Scrip dividends are payments made by corporations to their shareholders in the form of additional shares of stock instead of cash. In the US, scrip dividends are taxable. The shareholder’s cost basis in the newly received shares is the same as the fair market value of the shares on the date they were received. The shareholder must include the value of the stock received in their taxable income. They can also choose to sell the shares and pay taxes on the proceeds.
Scrip Dividends vs. Cash Dividends
Scrip dividends and cash dividends are both ways for companies to distribute earnings to shareholders. However, there are some key differences between the two types of dividends.
- Cash dividends: Cash dividends are paid out in cash. They are the most common type of dividend and are typically paid on a quarterly or annual basis.
- Scrip dividends: Scrip dividends are paid out in the form of additional shares of stock. They are less common than cash dividends and are typically paid when a company wants to conserve cash.
Taxation of Scrip Dividends
The taxation of scrip dividends is more complex than the taxation of cash dividends. Scrip dividends are generally not taxable until they are sold. However, there are some exceptions to this rule. For example, scrip dividends are taxable if they are received in lieu of cash dividends that would have been taxable.
The following table summarizes the taxation of scrip dividends:
Type of scrip dividend | Taxable? |
---|---|
Received in lieu of cash dividends | Yes |
Received in addition to cash dividends | No |
Sold | Yes |
Timing of Scrip Dividend Taxability
The timing of scrip dividend taxability depends on whether the shareholder elects to receive the dividend in cash or stock.
- **Cash Dividend:** If the shareholder elects to receive the dividend in cash, the dividend is taxable in the year it is received.
- **Stock Dividend:** If the shareholder elects to receive the dividend in stock, the dividend is not taxable until the stock is sold.

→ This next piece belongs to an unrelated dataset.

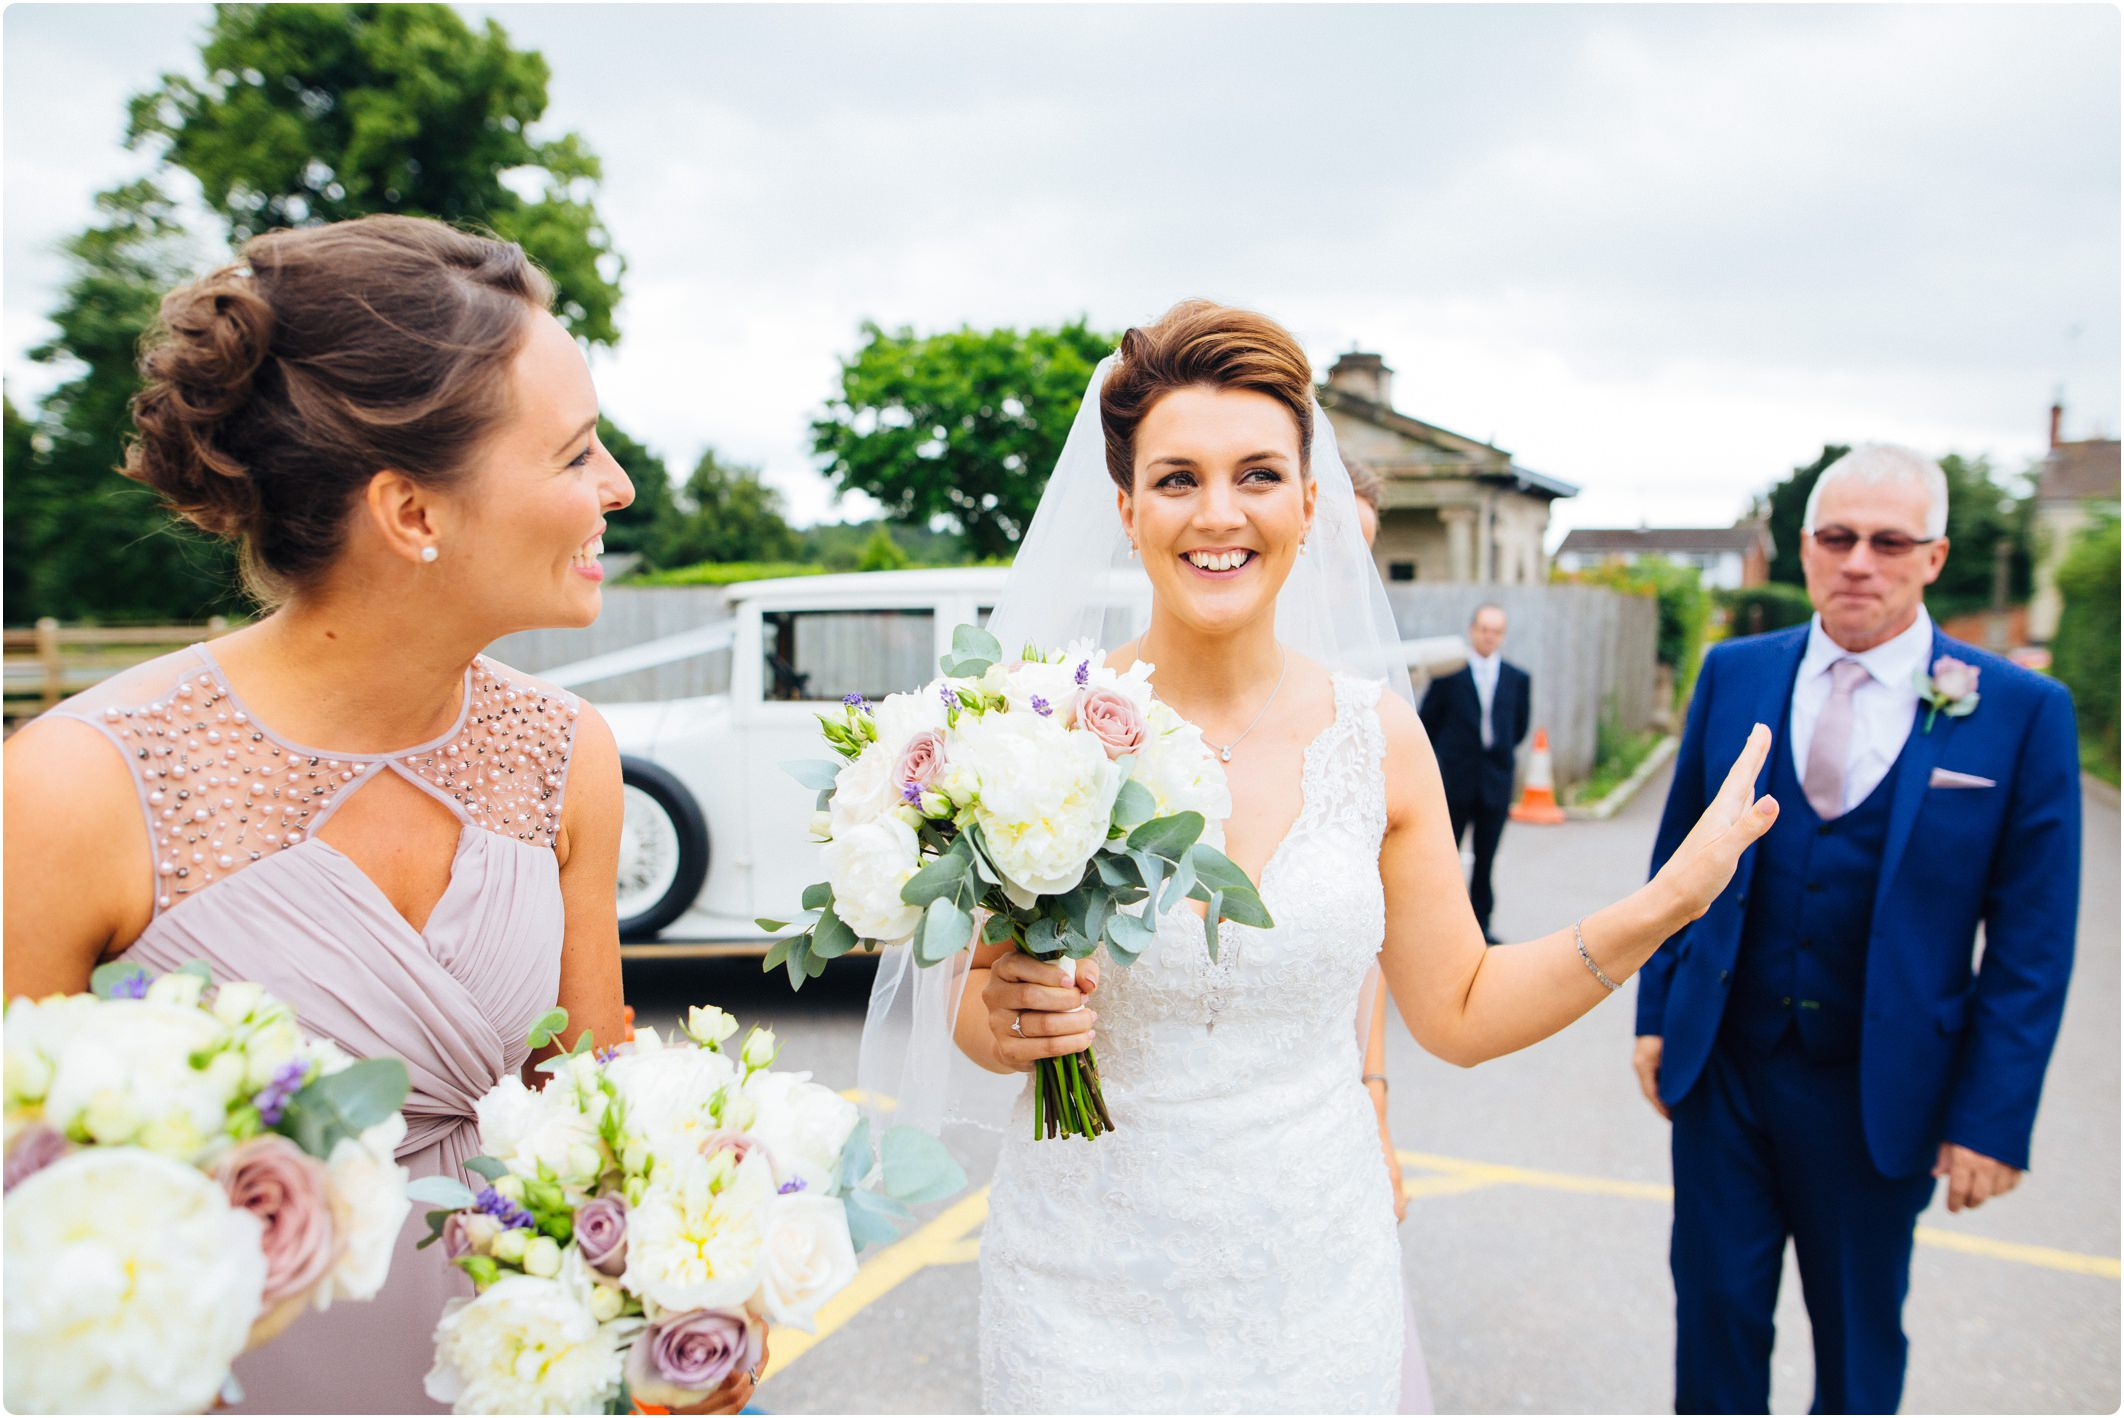 The moonraker wedding bride arriving at church
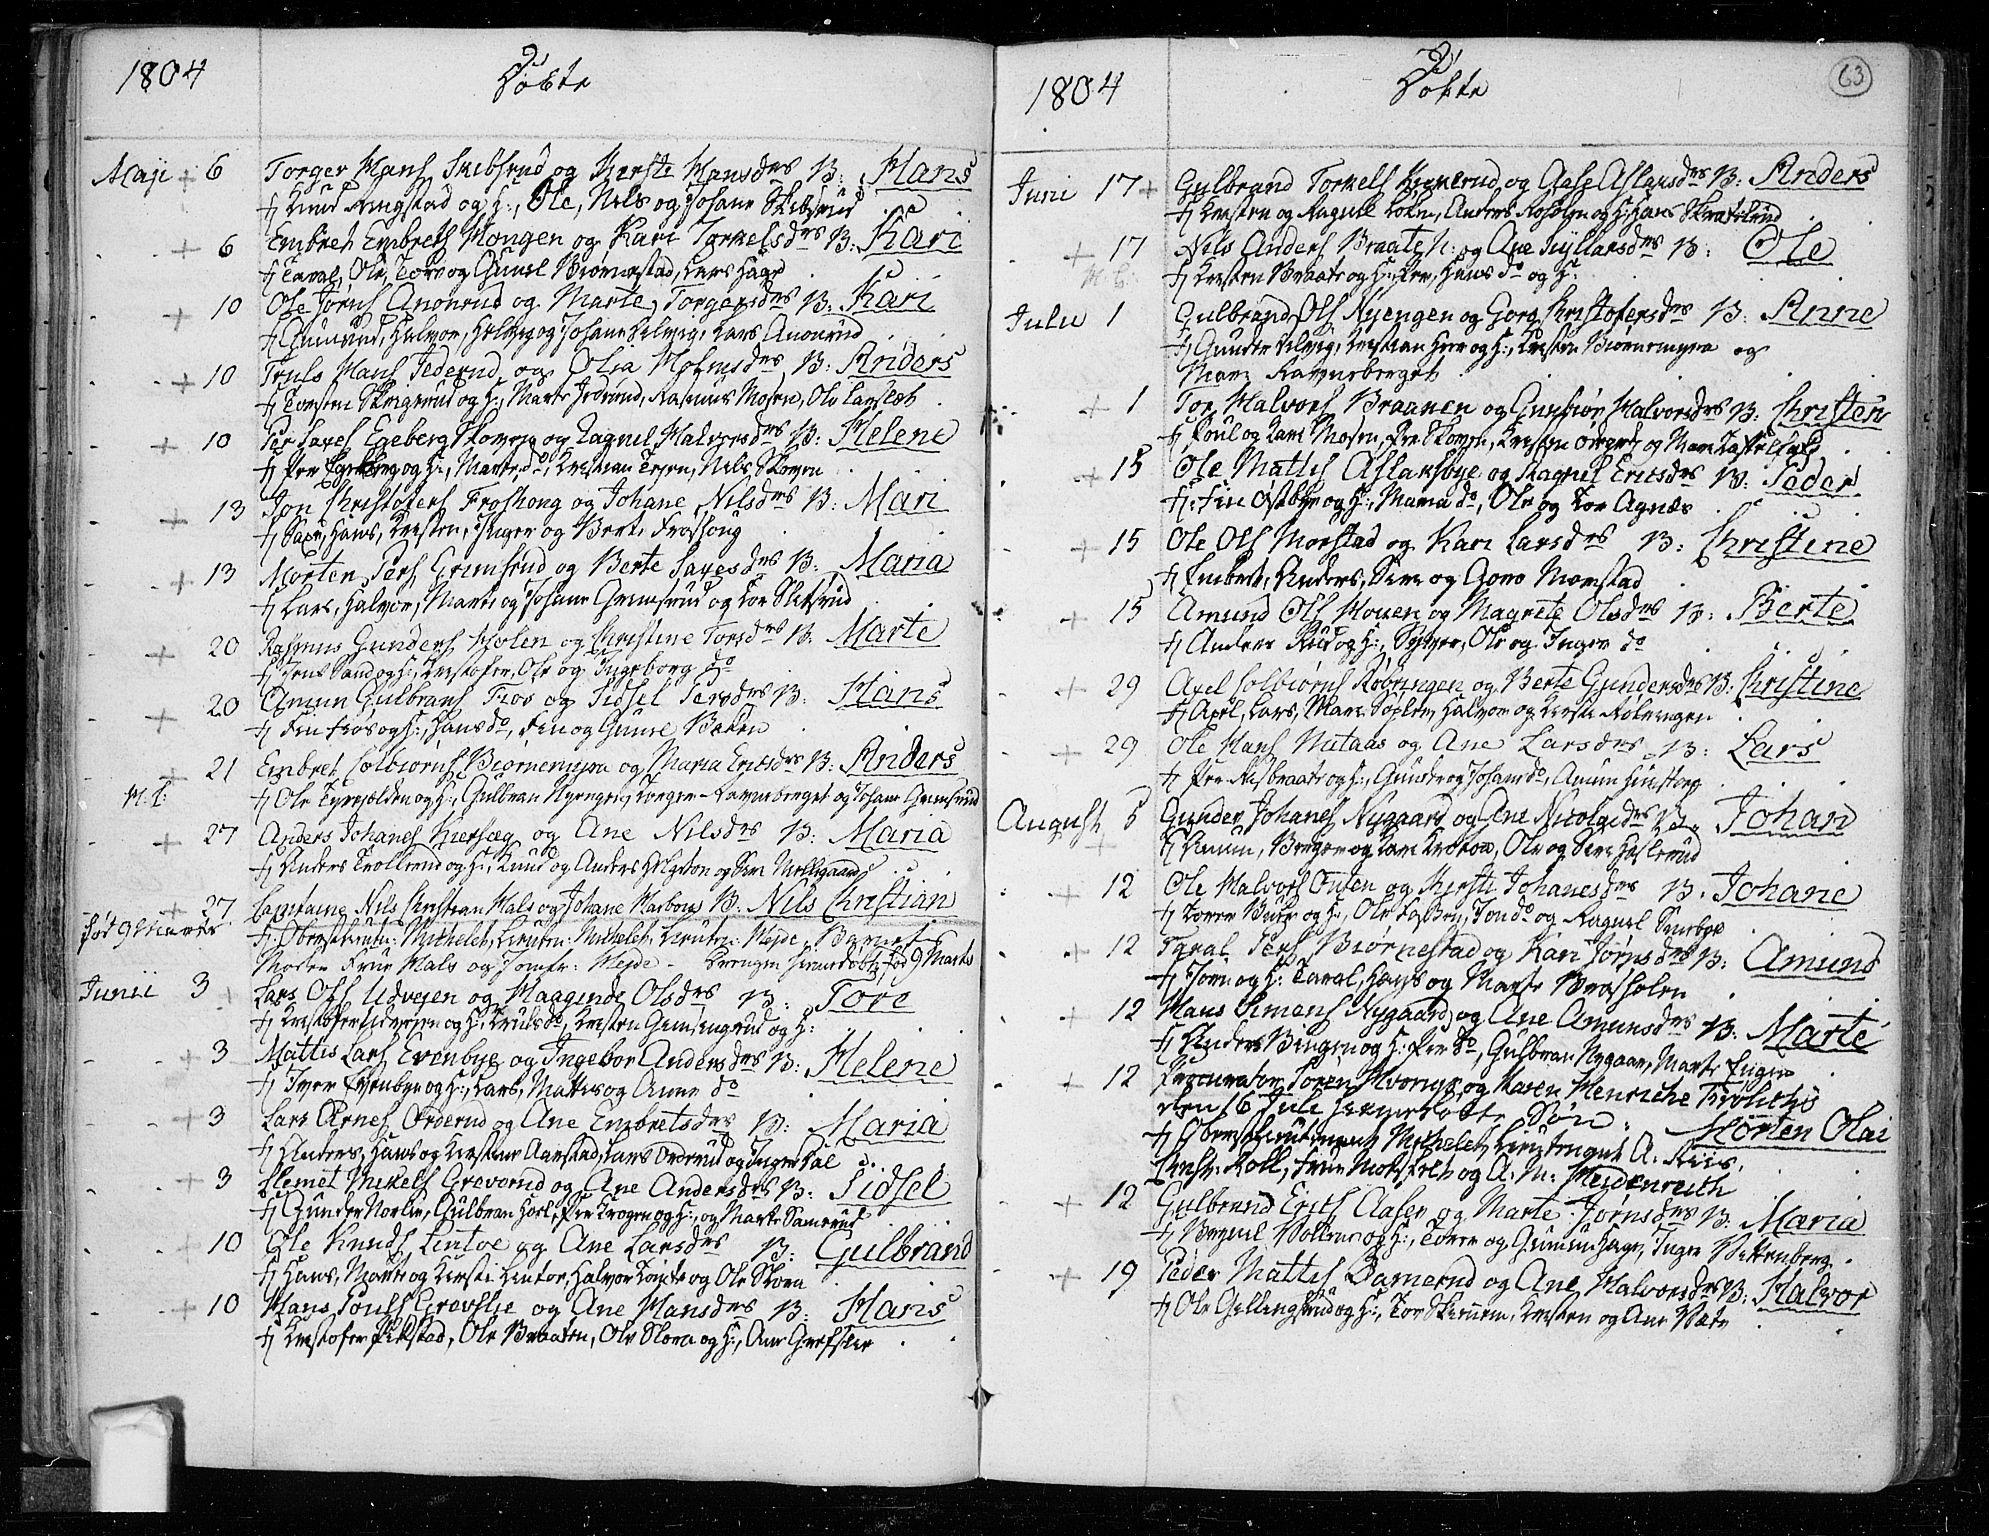 SAO, Trøgstad prestekontor Kirkebøker, F/Fa/L0005: Ministerialbok nr. I 5, 1784-1814, s. 63

In addition, the following rules apply to scrip dividends:
- The shareholder must make the election to receive the dividend in cash or stock by the record date for the dividend.
- If the shareholder does not make an election, the dividend will be paid in cash.
- Scrip dividends are not considered to be income for the purposes of the alternative minimum tax (AMT).
Dividend Type | Taxability |
---|---|
Cash Dividend | Taxable in the year received |
Stock Dividend | Not taxable until the stock is sold |
Basis and Holding Period for Scrip Dividends
When you receive a scrip dividend, you need to determine your cost basis and holding period to calculate your taxes correctly. Here’s how to do it:
- Cost Basis: Generally, the cost basis of a scrip dividend is the fair market value of the dividend on the date of distribution. If the dividend is paid in cash, the cost basis is the amount of cash received.
- Holding Period: The holding period for a scrip dividend begins on the date you receive the dividend and ends on the date you sell or dispose of it. If you hold the dividend for more than one year before selling it, any gain you make will be taxed at the long-term capital gains rate.
Here’s a table that summarizes the tax treatment of scrip dividends:
Type of Dividend | Basis | Holding Period | Tax Rate |
---|---|---|---|
Scrip Dividend Paid in Stock | Fair market value of shares on distribution date | Holding period of underlying stock | Long-term capital gains if held over 1 year |
Scrip Dividend Paid in Cash | Amount of cash received | Holding period begins on distribution date | Short-term capital gains if held less than 1 year |
Impact of Script Dividends on Retirement Accounts
When script dividends are received in a retirement account, the tax implications can differ from those in a regular brokerage account. Here’s how it works:
- Traditional IRAs: Script dividends are taxable as ordinary income upon receipt. However, if the dividends are reinvested in the same company’s stock, the basis is adjusted to reflect the dividend amount, reducing future capital gains tax liability.
- Roth IRAs: Script dividends are received tax-free since the account itself is tax-free. However, any sale of the underlying stock after the script dividend is received may trigger capital gains or losses.
Account Type | Tax on Receipt | Basis Adjustment | Future Sale |
---|---|---|---|
Traditional IRA | Taxable as ordinary income | Yes | Reduced capital gains tax |
Roth IRA | Tax-free | N/A | May trigger capital gains or losses |
Well, there you have it, folks! Now you know all about the ins and outs of scrip dividends and their tax implications in the US. If you’re still a little confused, don’t worry—you can always reach out to a tax professional for guidance. Thanks for reading! Be sure to stop by again soon for more financial wisdom and guidance.